Hacker News new | ask | show | jobs
by ViktorV 2638 days ago
I don't think it uses GPS for that. You can match two partially overlapping images. From the movement of the feature points in the overlapping areas you can calculate your camera orientation, and thus the 3d point cloud of feature points ( or something close to this ). I think it is called structure from movement, the readme links a paper, maybe it's worth reading for you.
2 comments

Interesting, is there a technical reason for not using that extra data to help with the process?

For example, another commenter mentioned

> Some materials don't really contain any surface details that the algorithms could use to attach feature points to, so they will be blank.

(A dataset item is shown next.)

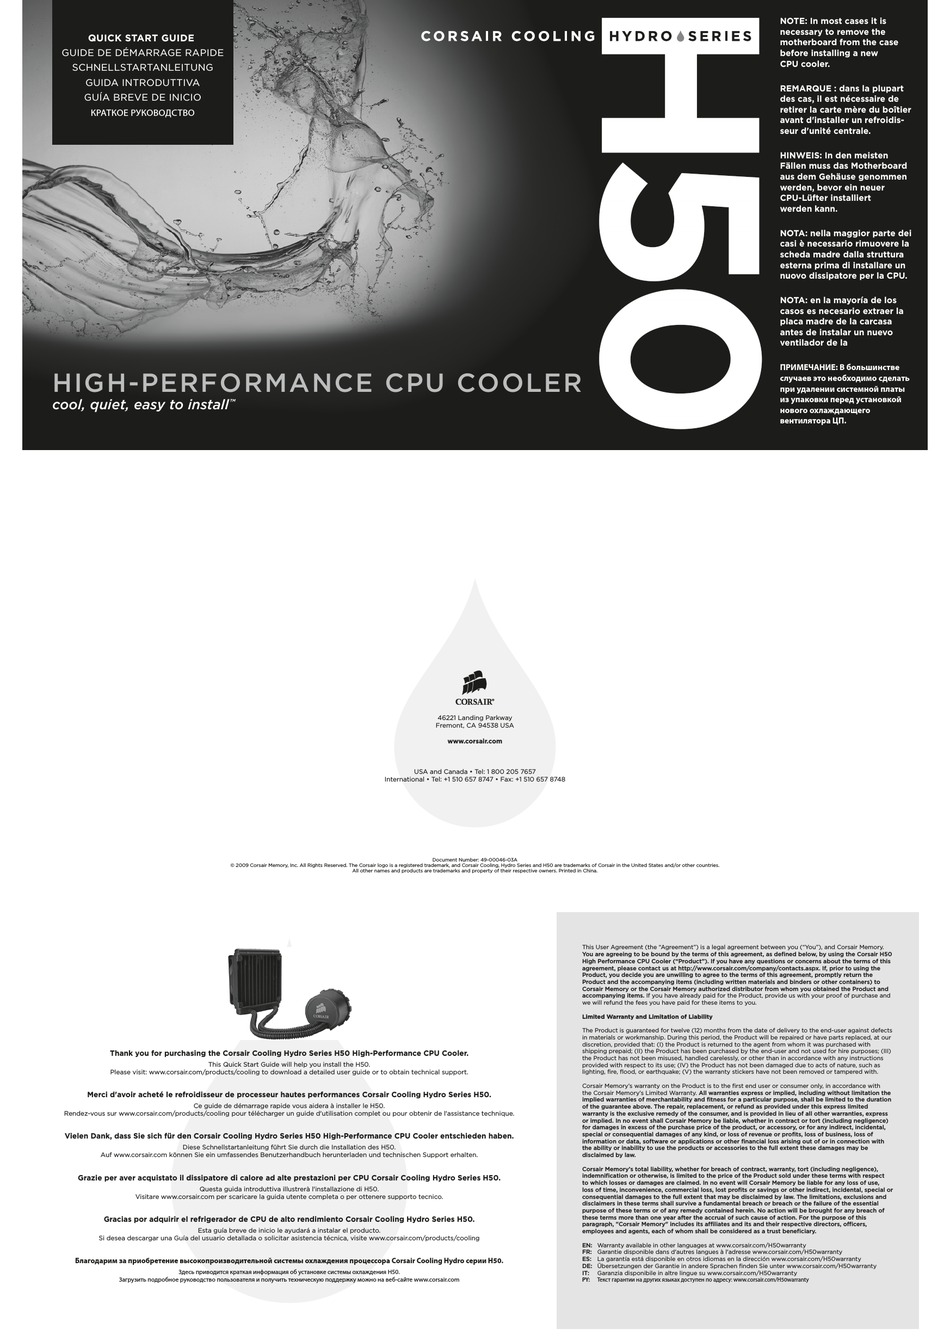 corsair h50 liquid cooling install

Large white walls and large windows are especially difficult.

Seems like you might be able to position some of these with orientation data from the camera.

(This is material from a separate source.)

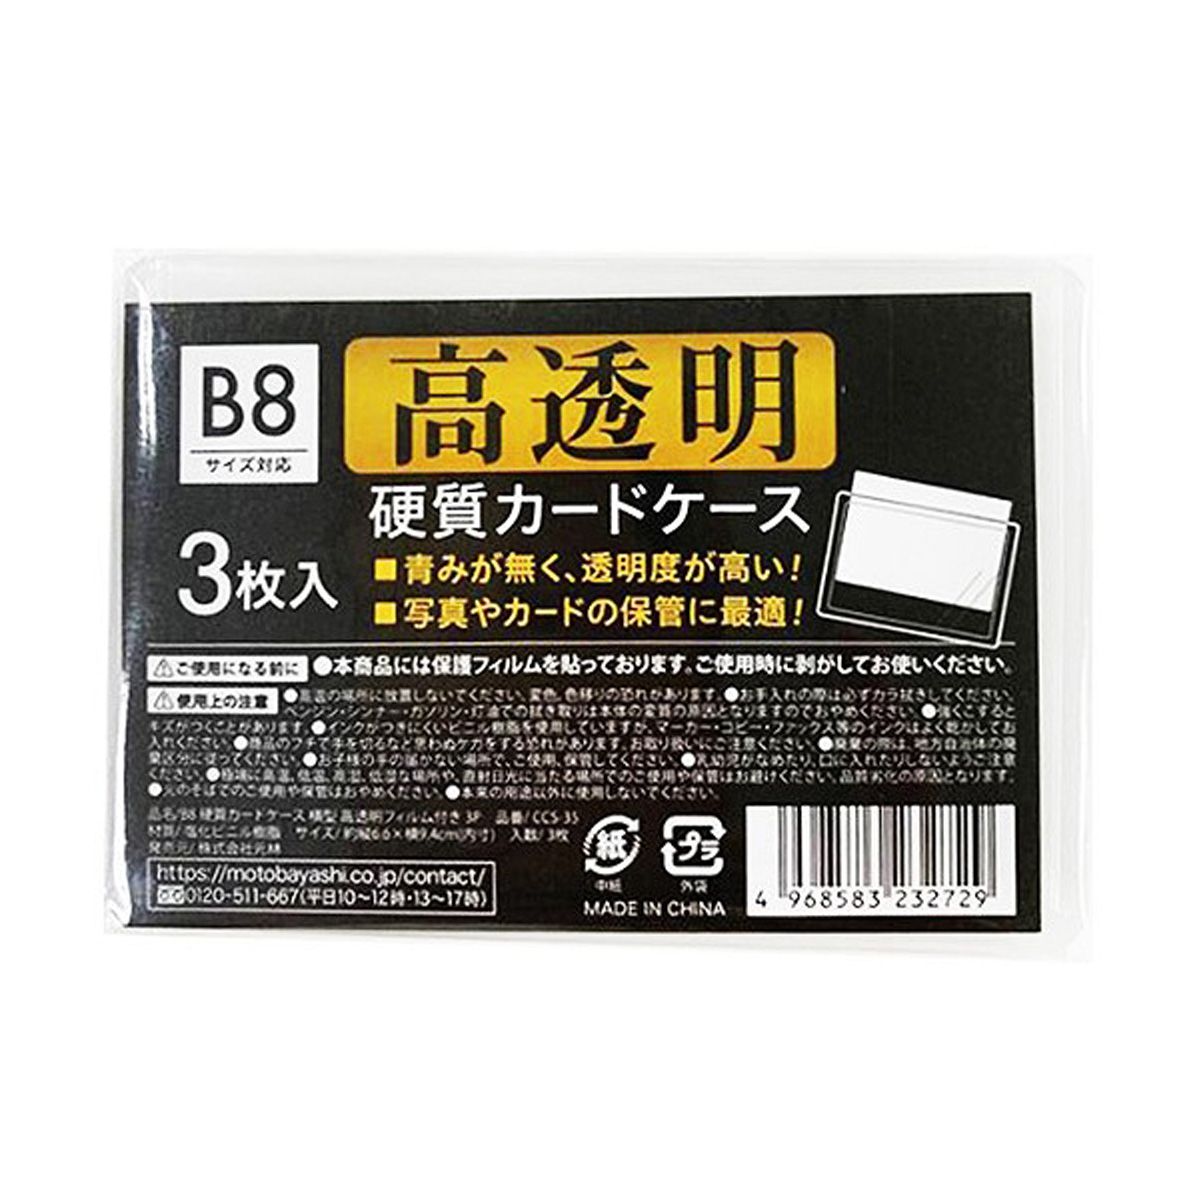 B8硬質カードケース高透明フィルム付3P 0948/352131

The GPS data is probably being used as a prior. The GPS metadata is accurate but imprecise, while SFM more precise. GPS is likely used for pose initialization, while SFM is then used to refine the pose.
Would a high-quality pre-registration via precise coordinates and orientation yield better (and faster) results though? If the algorithm did not have to guess the camera parameters I would imagine a benefit.
In practice, there are a couple of ways to handle this. In one case, EXIF data gives you a lot of information (sensor size, camera/drone make, etc.) that you can extract very good camera intrinsics from. This information can also be fed into big EXIF databases, from which you can obtain pretty accurate camera parameters.

Additionally, camera intrinsic calibration is a relatively solved problem, especially if you know that every single camera has the same intrinsics.